Dans une autre étude, le Dr Wakefield et ses collègues rapportent qu’on a trouvé une nouvelle variante d’une maladie inflammatoire intestinale chez un sous-groupe d’enfants présentant des troubles de développement.

Le Dr Wakefield et ses collègues ont procédé à des iléoncolonoscopies et à des biopsies sur 55 enfants autistes et sur 5 enfants ayant d’autres troubles de développement. Dans la presque totalité des cas, le dossier médical montrait clairement qu’ils avaient subi une régression comportementale marquée et qu’ils avaient tous, sauf un, souffert de problèmes intestinaux. L’échantillon choisi a été comparé à un groupe témoin en bonne santé et à un autre formé par des enfants souffrant de colites ulcéreuses.

Les chercheurs ont constaté qu’une anomalie appelée hyperplasie** nodulaire lymphoïde de l’iléoncolon (LNH = lymphoid nodular hyperplasia) était présente chez 54 des enfants autistes ou assimilés mais qu’elle existait chez seulement deux personnes du groupe témoin. Les biopsies effectuées au niveau de l’iléon ont démontré la présence d’une autre anomalie, l’hyperplasie folliculaire réactive, chez 46 des sujets du groupe autiste et chez 4 des 14 enfants souffrant de colites*** ulcéreuses, mais qu’elle était absente chez les enfants du groupe témoin. De plus, parmi les enfants victimes de troubles de développement, 53 étaient aux prises avec des colites chroniques contre un seul dans le groupe témoin.

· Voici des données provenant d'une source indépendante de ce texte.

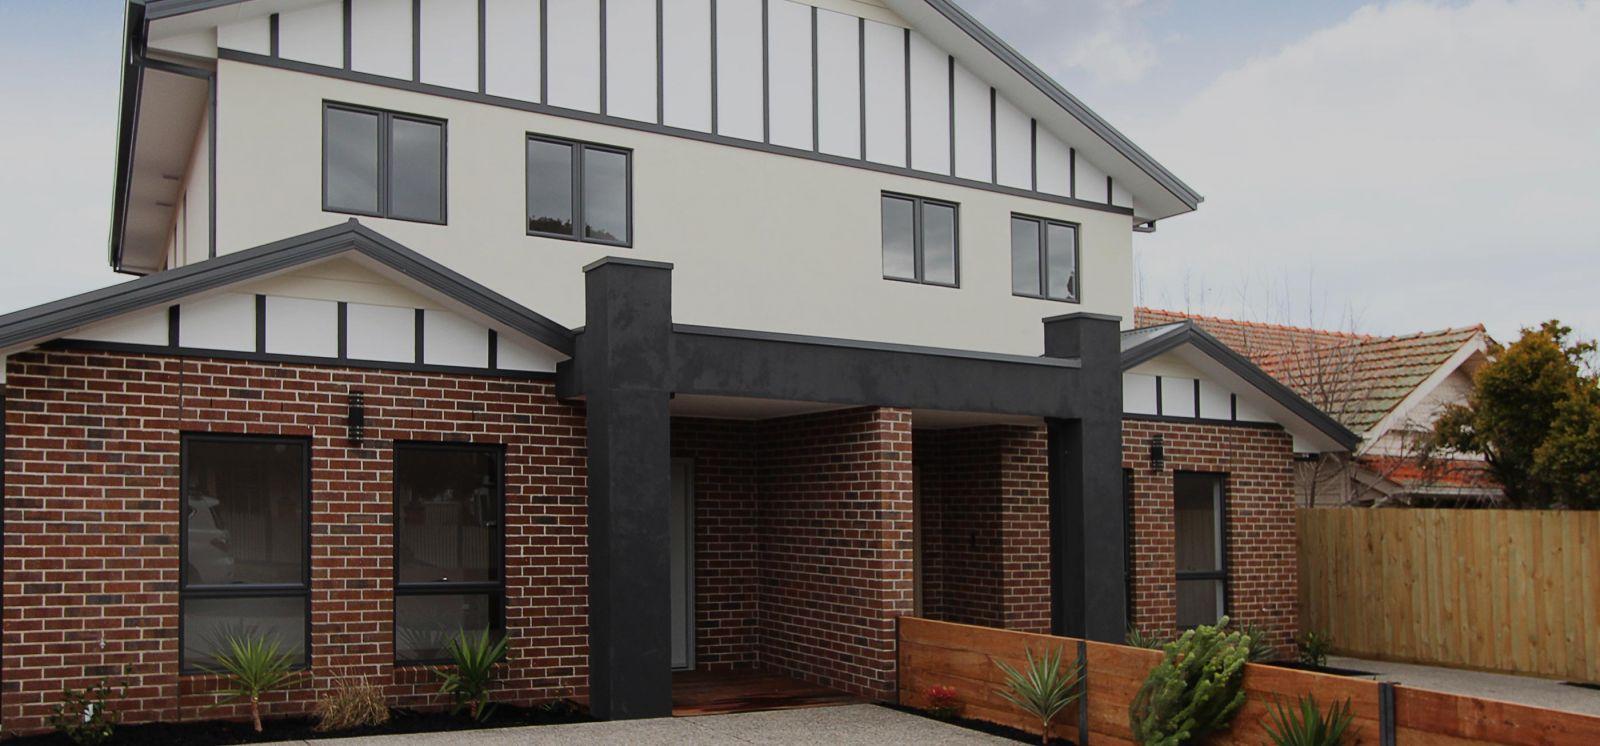 Dual Occupancy Home Design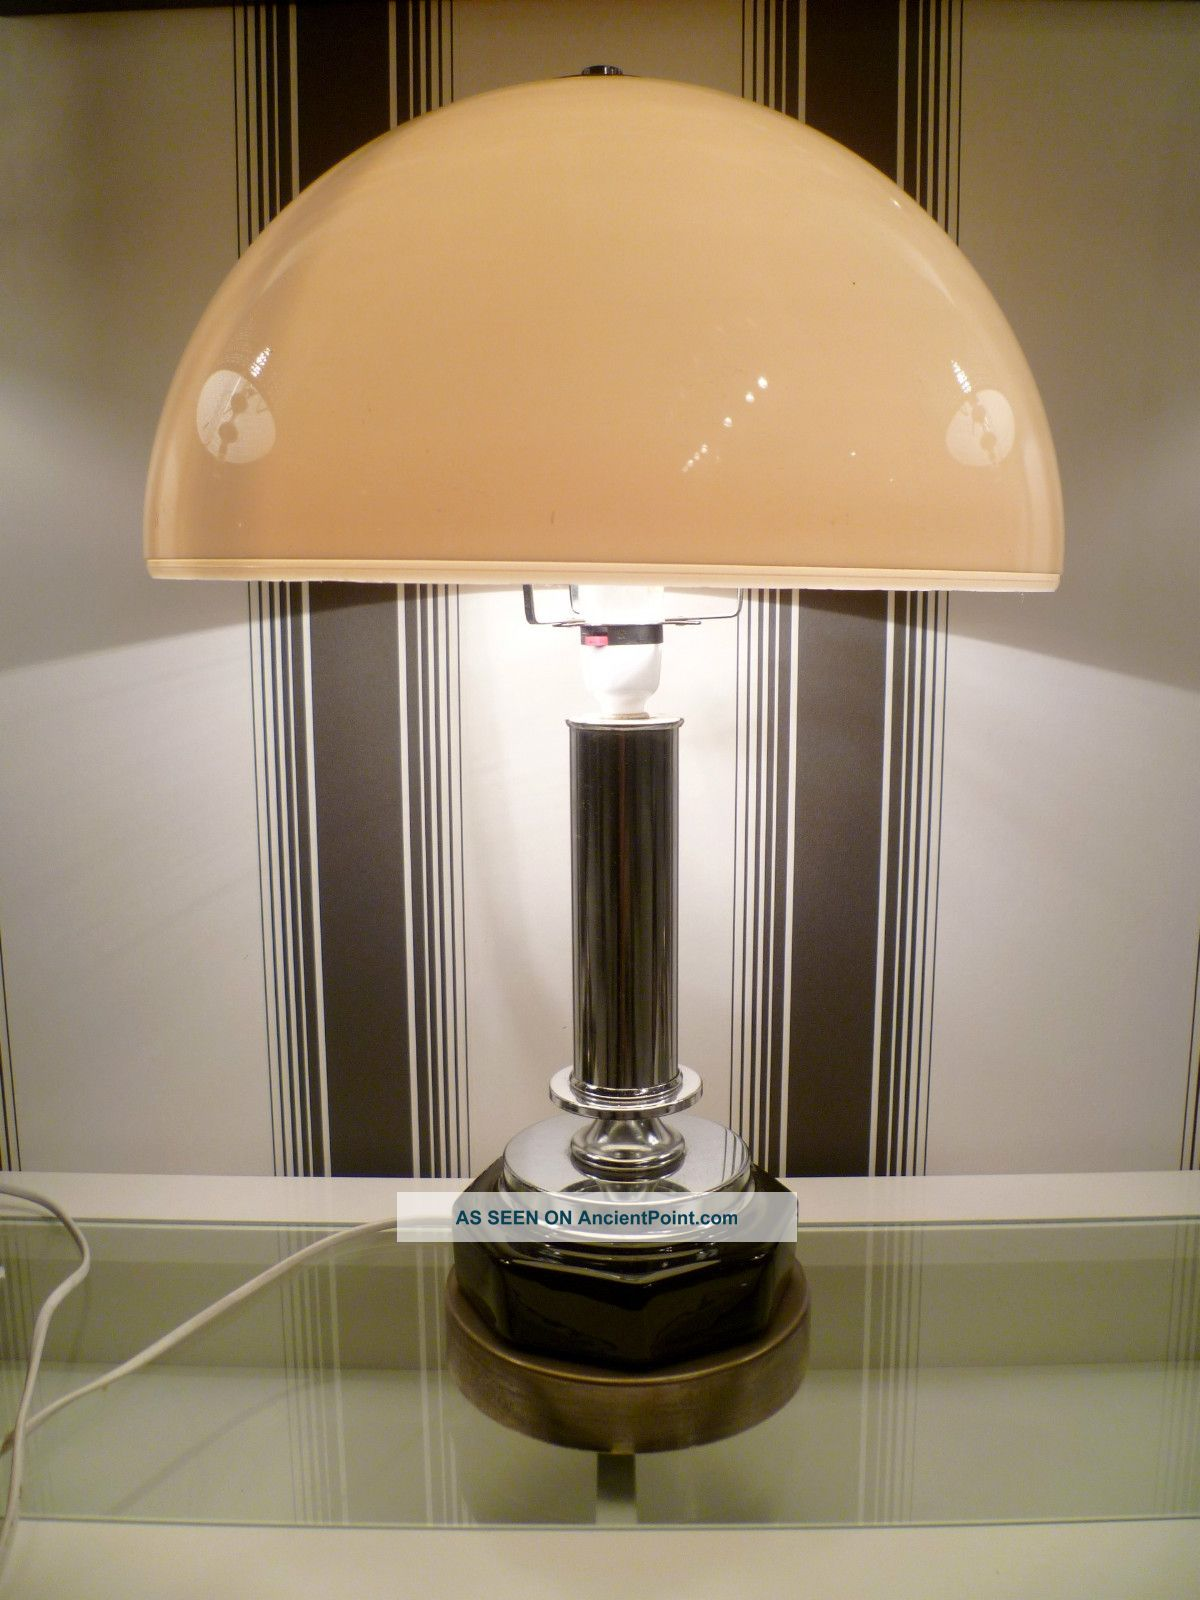 Large 1950s Art Deco Revival Table Lamp Chrome Black & White Retro Bauhaus Style 20th Century photo

On retrouvait également 4 cas d’inflammation de l’iléon dans le groupe autiste mais aucun dans le groupe témoin.

Les chercheurs arrivent à la conclusion qu’« une pathologie spécifique de l’iléoncolon avec particularités endoscopiques et histologiques a pu être identifiée chez un échantillon d’enfants affectés par des troubles de développement ».

Avant ces dernières publications, une étude du Dr Wakefield publiée dans le Lancet en 1998 avait constitué la première tentative de lier l’autisme à la vaccination RRO. Dans cette recherche, le Dr Wakefield avait mis en évidence le fait que, sur un échantillon de 12 enfants chez qui on avait noté des anomalies ou des problèmes intestinaux et qui avaient subi une régression comportementale autistique, les symptômes autistiques étaient apparus, chez 8 d’entre eux, dans les semaines suivant la vaccination RRO. Plus tard, il avait rapporté des faits similaires chez 48 autres enfants. Ses recherches de 1998 l’avaient amené à la conclusion que, en raison de particularités génétiques qui affectent leur système immunitaire, certains enfants autistes «ne peuvent supporter impunément la présence de certains virus, probablement même si ceux-ci viennent de souches virales atténuées».

 

 



   * myéline : protéine qui entoure les fibres nerveuses
 ** hyperplasie : formation aux dépens d’un tissu sain d’un tissu pathologique semblable.
*** colite : inflammation du colon

* Singh, Vijenda, presentation to the International Public Conference on Vaccination, September 2000.

"Enterocolitis in children with developmental disorders", A. J. Wakefield, A. Anthony, S. H. Murch, M. Thompson, S. M. Montgomery, S. Davies, J. J. O’Leary, M. Berelowitz and J. A. Walker-Smith, American Journal of Gastroenterology, Vol. 95, No. 9, September 2000, pp. 2285-2295.